From 1905 to 1908, under the presidency of Jérôme Franel, the course program of ETH Zürich was restructured to that of a real university and ETH Zürich was granted the right to award doctorates. In 1909 the first doctorates were awarded. In 1911, it was given its current name, Eidgenössische Technische Hochschule. In 1924, another reorganization structured the university in 12 departments. However, it now has 16 departments.

ETH Zürich, EPFL (Swiss Federal Institute of Technology in Lausanne) [École polytechnique fédérale de Lausanne](CH), and four associated research institutes form The Domain of the Swiss Federal Institutes of Technology (ETH Domain) [ETH-Bereich; Domaine des Écoles polytechniques fédérales] (CH) with the aim of collaborating on scientific projects.

Reputation and ranking

ETH Zürich is ranked among the top universities in the world. Typically, popular rankings place the institution as the best university in continental Europe and ETH Zürich is consistently ranked among the top 1-5 universities in Europe, and among the top 3-10 best universities of the world.

Historically, ETH Zürich has achieved its reputation particularly in the fields of chemistry, mathematics and physics. There are 32 Nobel laureates who are associated with ETH Zürich, the most recent of whom is Richard F. Heck, awarded the Nobel Prize in chemistry in 2010. Albert Einstein is perhaps its most famous alumnus.
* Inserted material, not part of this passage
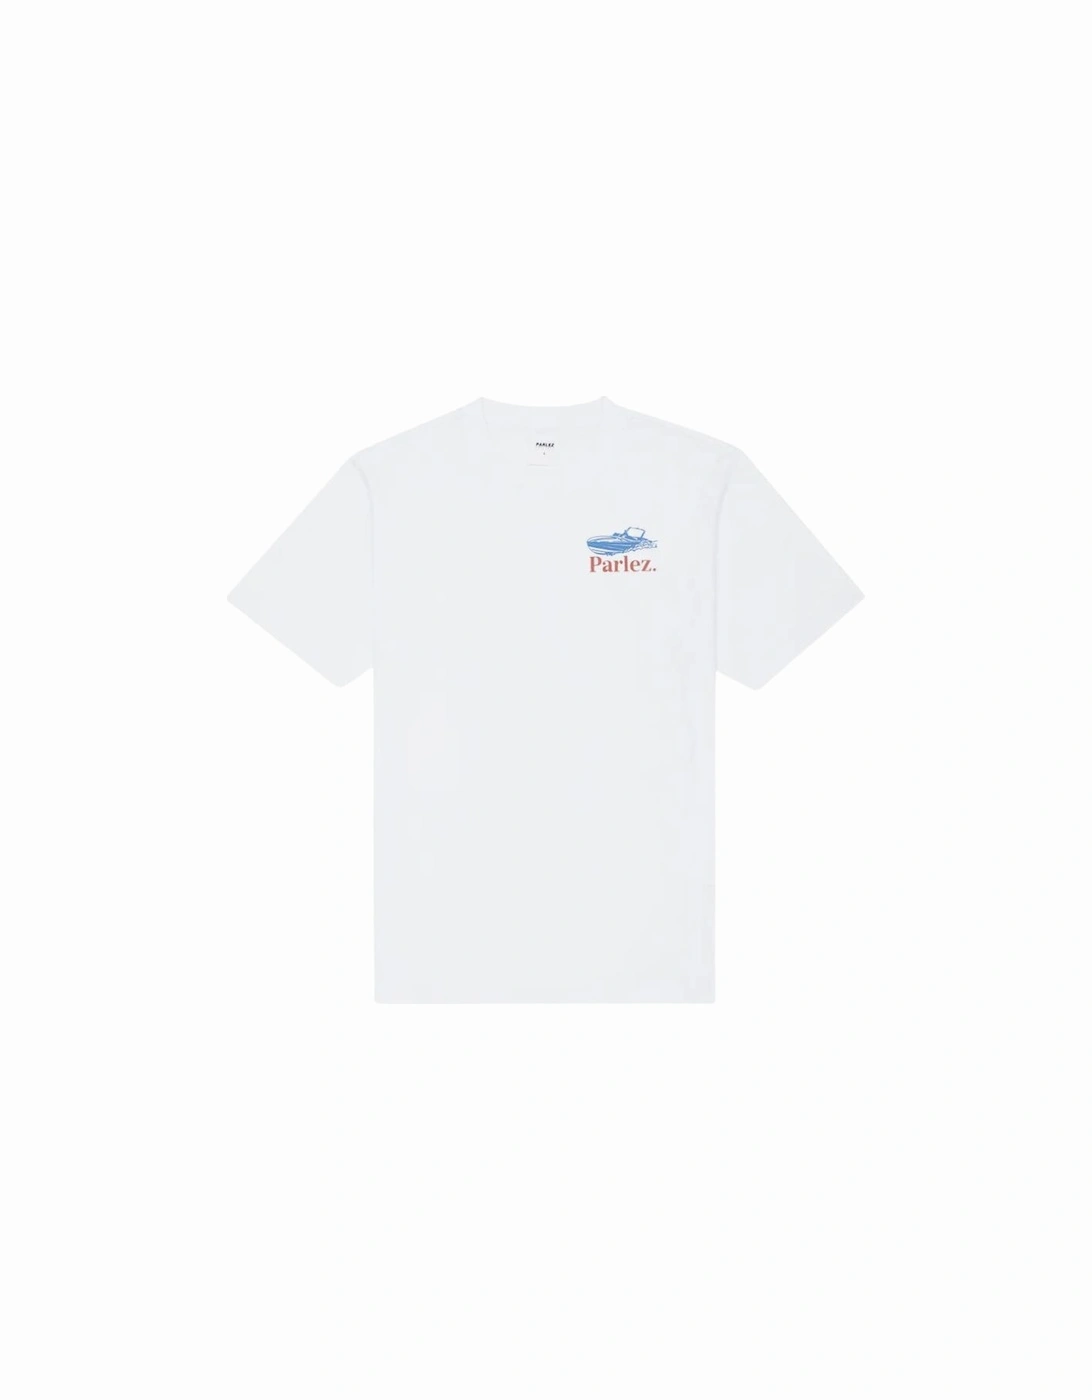 Sol T-Shirt - White, 7 of 6

In 2018, the QS World University Rankings placed ETH Zürich at 7th overall in the world. In 2015, ETH Zürich was ranked 5th in the world in Engineering, Science and Technology, just behind the Massachusetts Institute of Technology, Stanford University and University of Cambridge (UK). In 2015, ETH Zürich also ranked 6th in the world in Natural Sciences, and in 2016 ranked 1st in the world for Earth & Marine Sciences for the second consecutive year.

In 2016, Times Higher Education World University Rankings ranked ETH Zürich 9th overall in the world and 8th in the world in the field of Engineering & Technology, just behind the Massachusetts Institute of Technology, Stanford University, California Institute of Technology, Princeton University, University of Cambridge(UK), Imperial College London(UK) and University of Oxford(UK) .

In a comparison of Swiss universities by swissUP Ranking and in rankings published by CHE comparing the universities of German-speaking countries, ETH Zürich traditionally is ranked first in natural sciences, computer science and engineering sciences.

In the survey CHE Excellence Ranking on the quality of Western European graduate school programs in the fields of biology, chemistry, physics and mathematics, ETH Zürich was assessed as one of the three institutions to have excellent programs in all the considered fields, the other two being Imperial College London (UK) and the University of Cambridge (UK), respectively.